There was a lot of over-optimism when the new government came to power, but that hasn’t resulted into sales growth, says Dilip G Piramal, chairman, VIP Industries.
In an interview to CNBC-TV18, Piramal says the consumer demand hasn’t been in sync with expectations and hence the company has had to downgrade FY15 sales guidance to 7.5 percent from 10-12 percent.
Also read: VIP Industries Q3 profit falls 15.3% to Rs 8.5 cr
Furthermore, Piramal adds the company is continuing to spend a lot on brand building as it has recently started promoting two new brands- Caprese and Carlton.Below is the verbatim transcript of Dilip G Piramal’s interview with Ekta Batra & Anuj Singhal on CNBC-TV18.
Anuj: You had guided for a revenue growth for 10-12 percent for full year 2015 but 9 months sales have only grown up at about 7.5 percent. Would you be revising your full year guidance now?
A: I would say it is revised because this is a general state of the Indian industry. This year particularly consumer goods, the sales growth has not been as good as what we were planning initially. We are still waiting for things to take off. In the beginning there was a little bit of over optimism with the formation of the new government and the consumer demand has not been all that breadth.
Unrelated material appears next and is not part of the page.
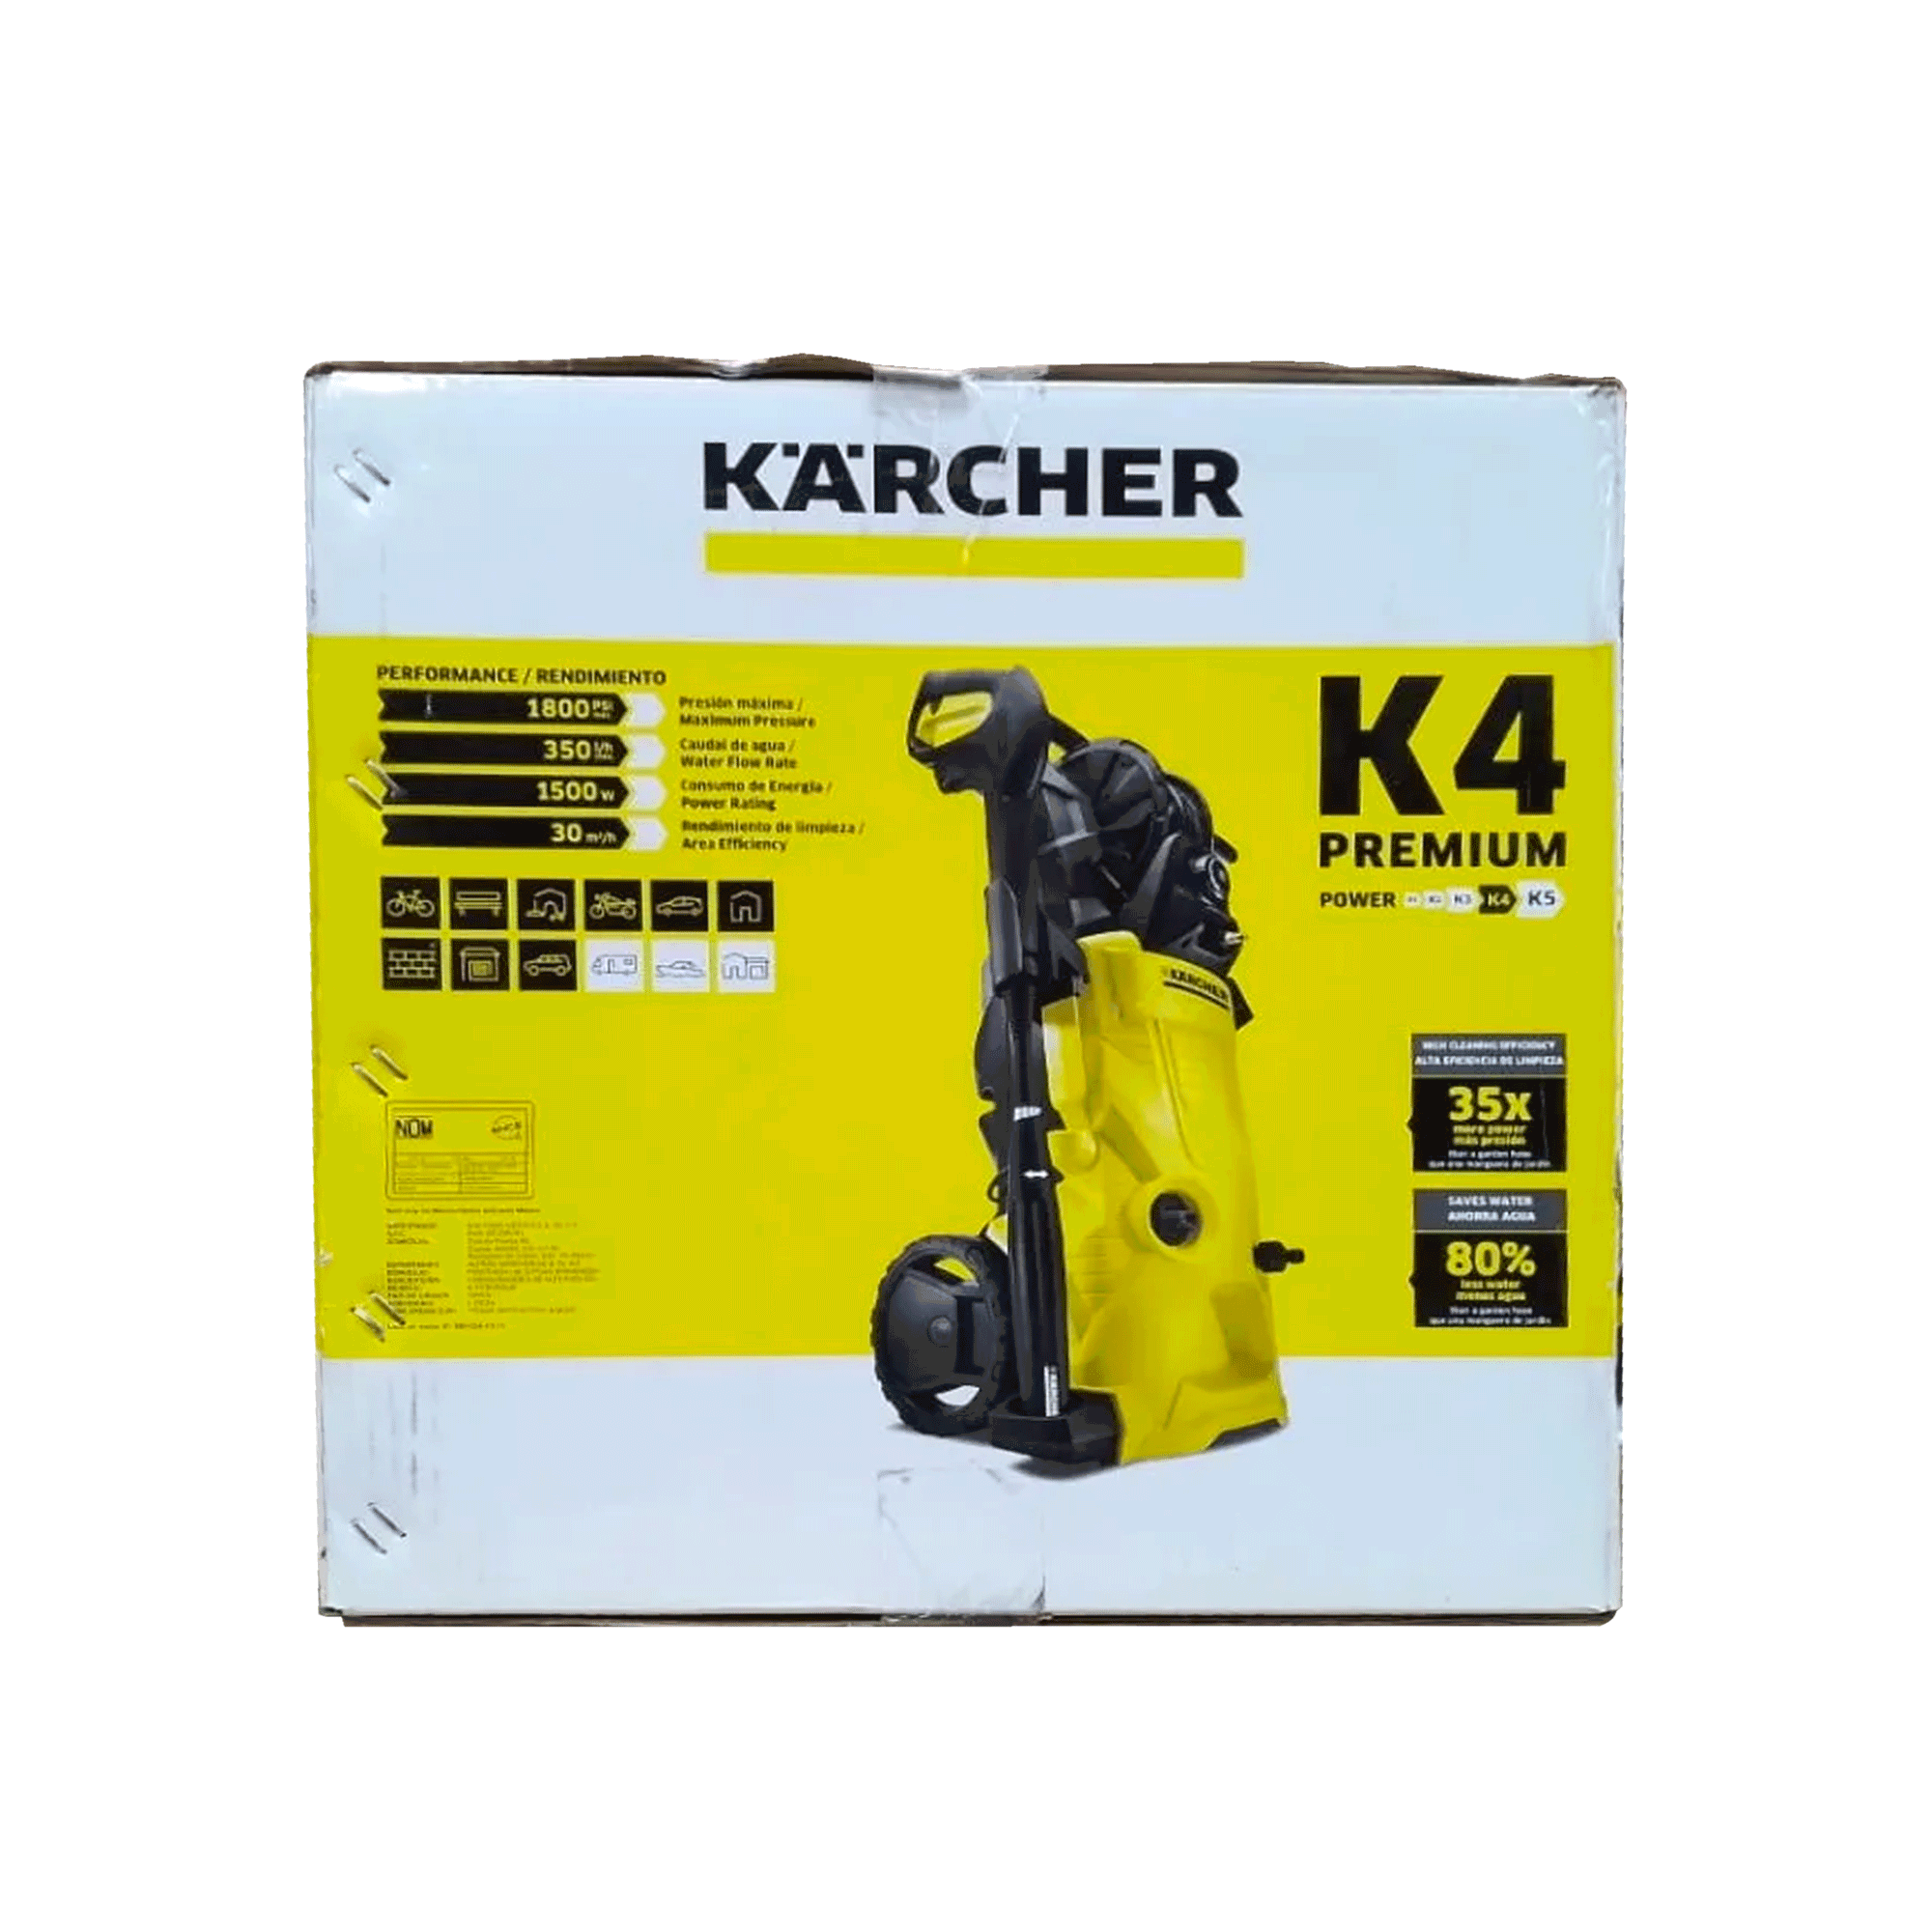 Hidrolimpiadora Karcher K4 Premium Power Cont en Oferta
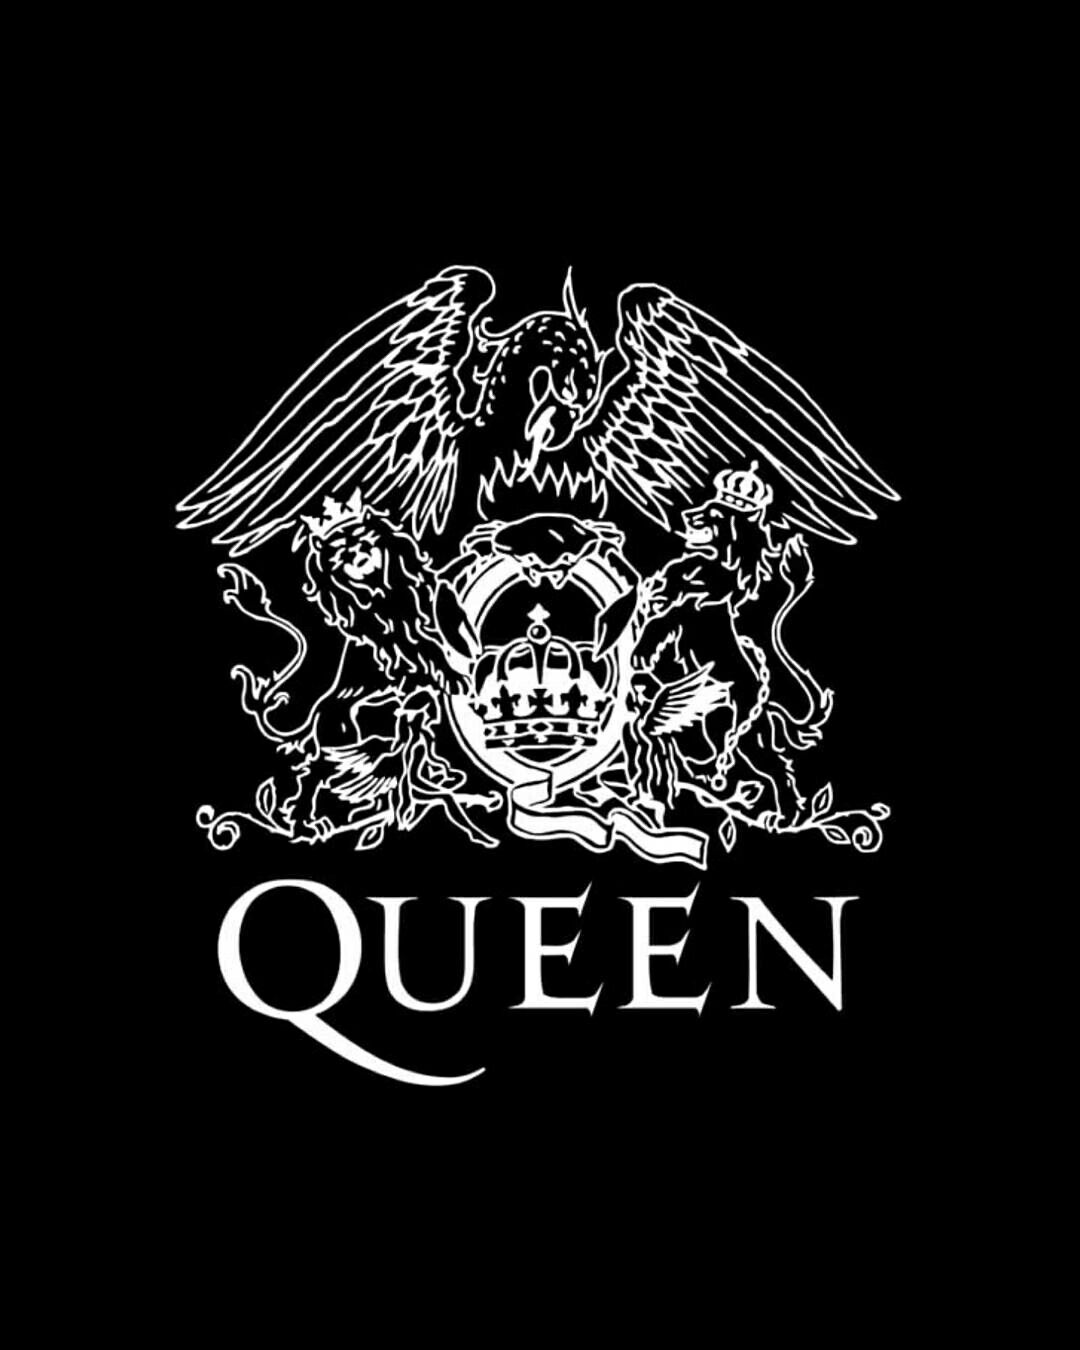 Queen Band Logo Wallpaper Free Queen Band Logo Background

Ekta: What would you revise it to then?
A: The same what we have been doing so far it will be in that region. Because anyway 9 months are over so there is not too much time remaining. I would like to say that, generally the feeling is that things should be better next year.
Anuj: Any guidance for next year?
A: No, at this moment I will keep quite.
Ekta: What is on your wish list from the Finance Minister for the upcoming Budget for your industry?
A: The most important thing for us and for the country as far as the Budget goes is the goods and service tax (GST). The implementation of the GST because that will be a really path breaking event and that has a very strong impact on the economy. Otherwise I would say that the general economic steps that the government is doing to revive the economy particularly by improving the infrastructure is very good and those things take a little bit of time I understand that. It is not something very like tax rates and all which you can change in a minute. However, restoring all the infrastructure projects which have been stalled very badly in the last five years is the good priority and like the coal allocation has been so good and it has been so transparent. We need more than the policies it is the implementation of projects and policy in our country that has been lacked.
Anuj: Your margins have come off over time in the last quarter also any particular reason for that?
A: As it is our margins are quite low. For the last two years ever since the rupee has depreciated considerably our margins have remained quite low. In this last quarter what happened is that we had a lot of advertising. We are promoting two new brands that is Carlton and Caprese are handbag brand.
At this time the brand-building is an expensive process because the advertising is much higher than our normal advertising proportion. Advertising is nearly 30 percent of the sales. The sales are very low because these are virtually new brands. In this last quarter we advertised all our brands VIP, Skybags, Carlton and Caprese. We had an about Rs 10 crore extra expenditure and on our normal profit of Rs 15 crore in this quarter Rs 10 crore is very large. For the long run we have to make this investment.
Ekta: What is your outlook on ads spends going forward? Would you sustain them at these levels or may be increase?
A: Our percentage will remain about 5-6 percent of our sales. We would like to maintain that, it could go up little bit because of these new brands. Overall in the luggage segment our ratio is about 6 percent.